Human Impression of Humanoid Robots Mirroring Social Cues

Mirroring non-verbal social cues such as affect or movement can enhance human-human and human-robot interactions in the real world. The robotic platforms and control methods also impact people's perception of human-robot interaction. However, limited studies have compared robot imitation across different platforms and control methods. Our research addresses this gap by conducting two experiments comparing people's perception of affective mirroring between the iCub and Pepper robots and movement mirroring between vision-based iCub control and Inertial Measurement Unit (IMU)-based iCub control. We discovered that the iCub robot was perceived as more humanlike than the Pepper robot when mirroring affect. A vision-based controlled iCub outperformed the IMU-based controlled one in the movement mirroring task. Our findings suggest that different robotic platforms impact people's perception of robots' mirroring during HRI. The control method also contributes to the robot's mirroring performance. Our work sheds light on the design and application of different humanoid robots in the real world.

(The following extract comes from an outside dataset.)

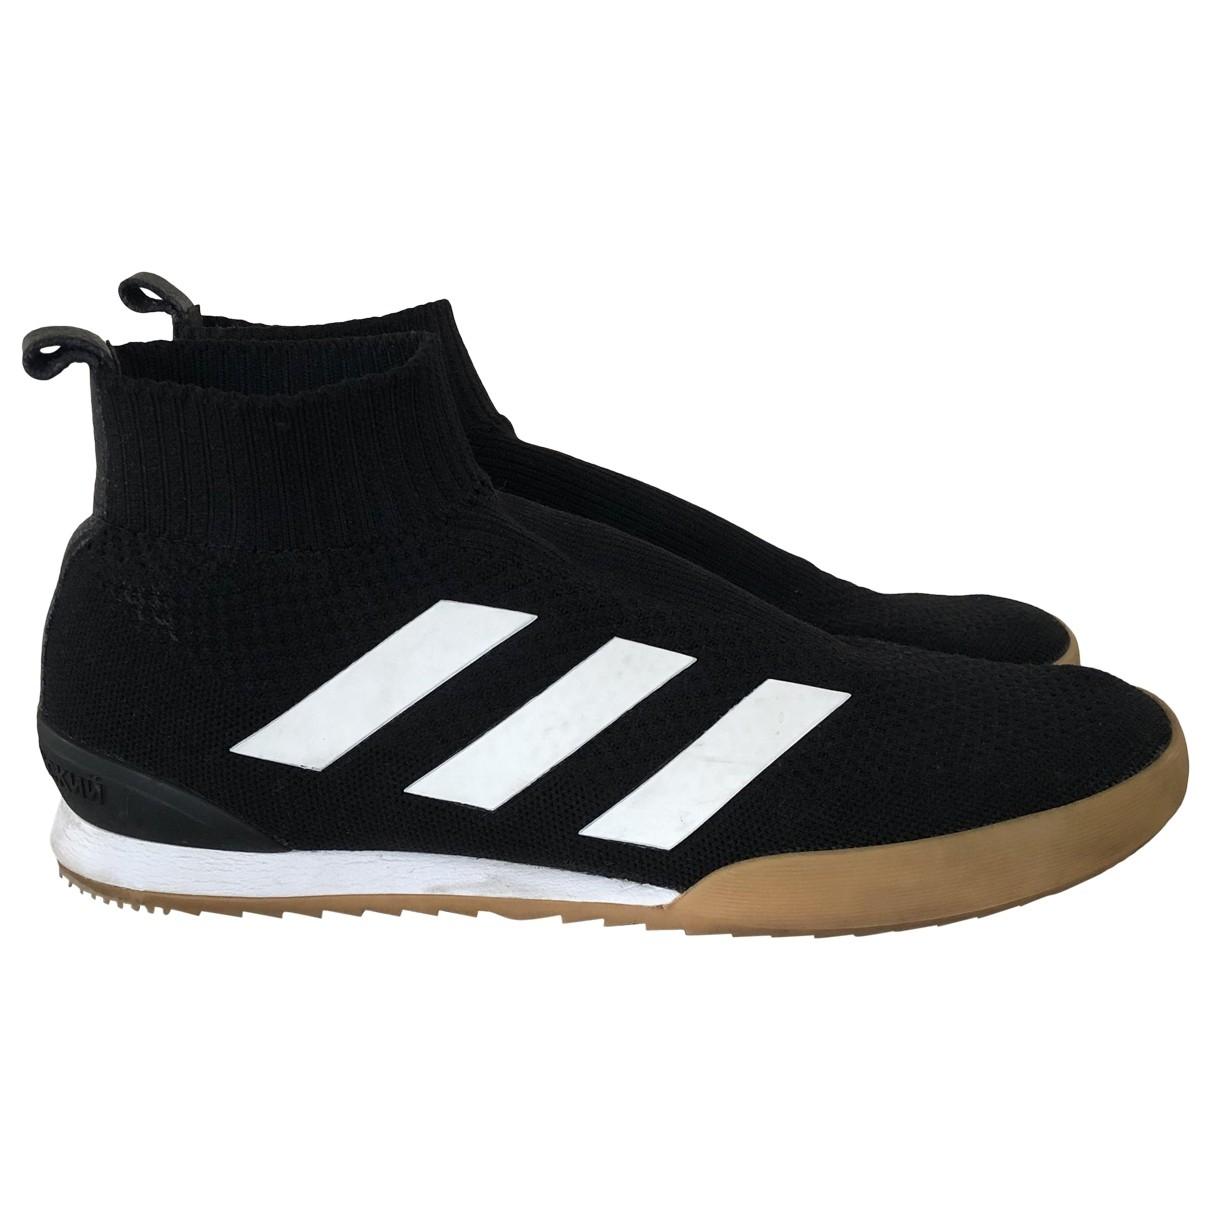 Adidas X Gosha Rubchinskiy N Black Cloth Trainers for Men 10 UK
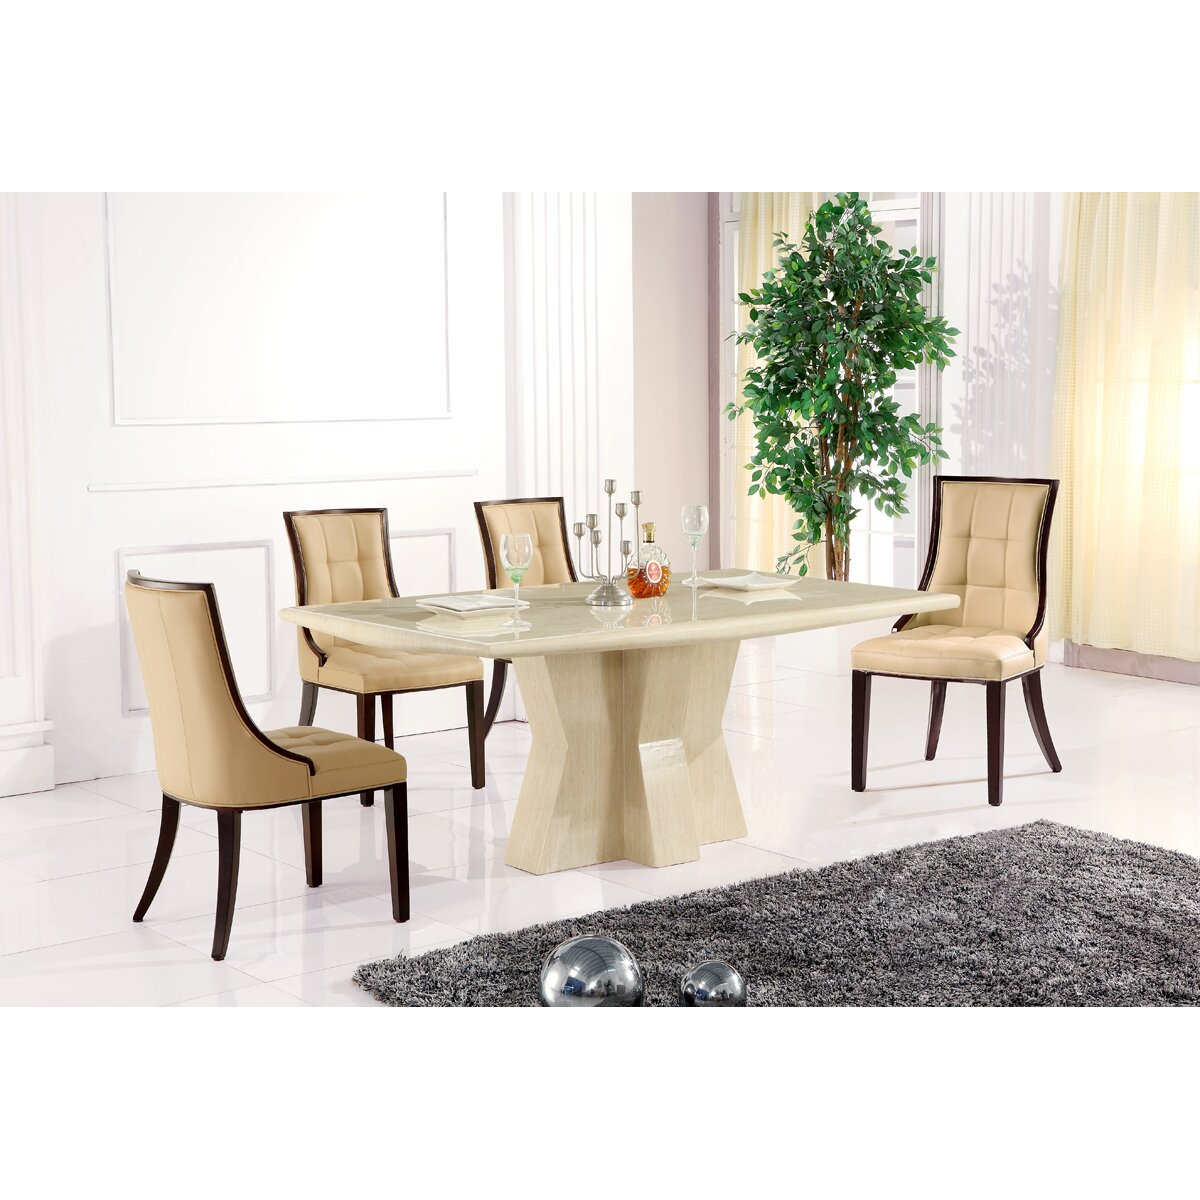 Homestead Living Dining Table Wayfair Uk

Robotic Imitation of Human Actions

Imitation can allow us to quickly gain an understanding of a new task. Through a demonstration, we can gain direct knowledge about which actions need to be performed and which goals they have. In this paper, we introduce a new approach to imitation learning that tackles the challenges of a robot imitating a human, such as the change in perspective and body schema. Our approach can use a single human demonstration to abstract information about the demonstrated task, and use that information to generalise and replicate it. We facilitate this ability by a new integration of two state-of-the-art methods: a diffusion action segmentation model to abstract temporal information from the demonstration and an open vocabulary object detector for spatial information. Furthermore, we refine the abstracted information and use symbolic reasoning to create an action plan utilising inverse kinematics, to allow the robot to imitate the demonstrated action.